The goal of my Fulbright project was to help Minnesota partners reframe the Early Childhood Education ( ECE) system, making it more accessible, affordable, yet also high quality.
During the academic year 2021–2022, I accepted a Fulbright Scholarship to live and experience early childhood care and education in West Central Minnesota. My time in Minnesota was spent touring ECE programs, meeting staff, giving presentations on Finnish early childhood care and education, and teaching early childhood coursework at the University of Minnesota Morris. The goal of my Fulbright project was to help Minnesota partners reframe the ECE system, making it more accessible and affordable, yet still high quality.
In Minnesota, a multitude of advocates act to improve early care and education for children and families. One such dynamic organization is West Central Initiative, whose Early Childhood Initiative program provides a network of parents, educators, businesses, community leaders, faith leaders, policymakers, and two full-time staff who want to develop the best possible care and education for all young children in Minnesota. Because of their background in this area, West Central Initiative was a natural choice as the community partner that helped me in Minnesota. Working with their Director of Early Childhood Nancy Jost, and Early Childhood Specialist Marsha Erickson was a great pleasure. They were key people who helped me in my research on early childhood education in Minnesota.
In this article, I compare two early care and education systems, one in Finland and the other in Minnesota, to discuss their similarities, their differences, and the possible adjustments that can be made to strengthen both systems.
Similarities in Early Childhood Care and Education
I begin with some similarities between the early care and education systems in Finland and the United States. Both countries started to develop early childhood education at the end of the 19th century. At that time, both countries developed kindergarten, which was based on the theories and practices of the German educator Friedrich Fröbel, who invented kindergarten. His educational philosophy was grounded in four principles: creativity, social participation, free self-expression, and motor expression. During World War II, when the workforce needed more women, both the United States and Finland adapted Fröbel’s model into a formal childcare system to care for younger children. The influence of Fröbel’s pedagogy can still be seen in early childhood education today, but research and practices in early care and education have evolved since those times. The pedagogical approach is based on knowledge of a child’s growth and development. Both Minnesota’s and Finland’s ECE programs emphasize play, exploration, and active learning as the most effective way to educate young children.
In general, the pedagogical implementation of early childhood education is similar in Minnesota and Finland. In both places, teachers focus on physical, cognitive, social, and emotional development, and they emphasize play as an integral component of developmentally appropriate programs for children.
Young children need secure, positive relationships with adults who are knowledgeable about how to support their development and learning. The environment must be caring and safe. Both Minnesota and Finland stress the early childhood system as a combination of care and education and emphasize that early childhood education is a major step for future learning experiences.

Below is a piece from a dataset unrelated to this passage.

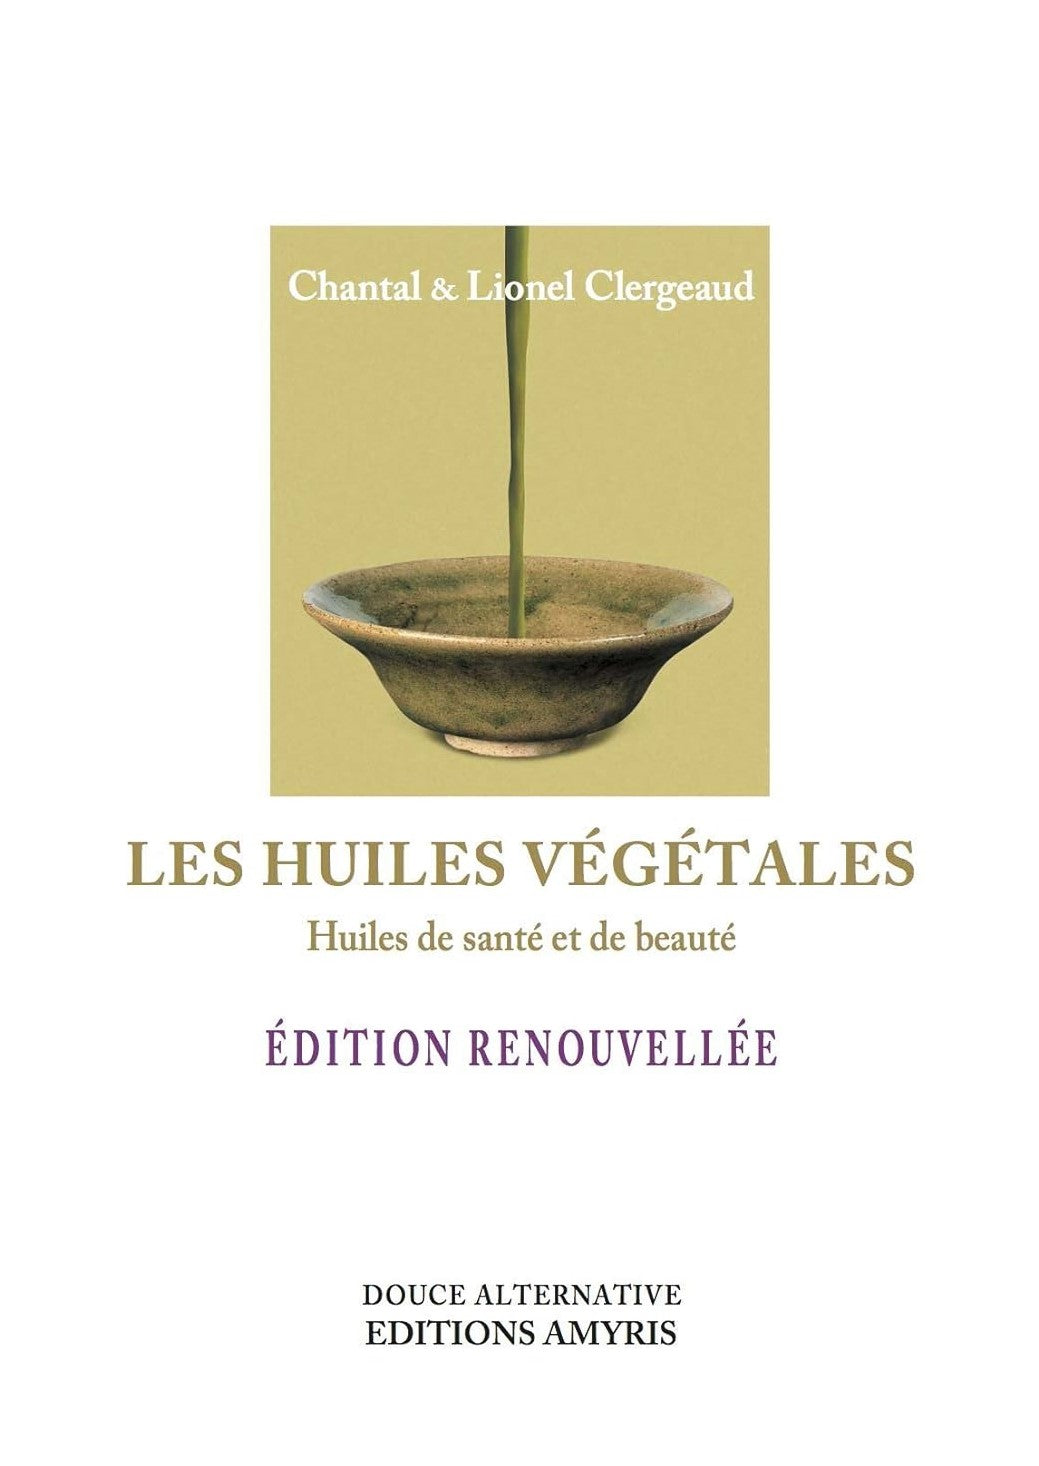 Les huiles végétales : Huiles de santé et de beauté - Chantal Clergeaud

According to the United Nations’ Sustainable Education Goals, all children should have access to free, equitable, and quality primary and secondary education. In addition, they should have access to quality early childhood care and education. This is the foundation of education in Finland. Through advocacy, Minnesota is working toward accessible, affordable, equitable, and quality care and education for every child. Early childhood is a significant stage of a child’s path of growing and learning. ECE advocates are aware of the crucial importance of the early years before school in the success of future learning. The mission statement for West Central Initiative’s Early Childhood Initiative is that “children have the best possible start toward a healthy life of learning, achieving, and succeeding. Parents are involved and family engagement is important”. In Finland, the goals are the same but stated differently: “to promote children’s holistic growth, development and learning in collaboration with their guardians”.
Mixed Delivery System
Minnesota and Finland are geographically distant from each other, but they have many commonalities. They both have four seasons, many lakes, and beautiful nature. They also have a large portion of sparsely populated rural areas. Perhaps that is one of the reasons why both Minnesota and Finland have developed a mixed delivery system in early care and education services. In a mixed delivery system, early childhood education programs can be implemented in different ways and places—through centers, school-based private preschools, and home-based child care.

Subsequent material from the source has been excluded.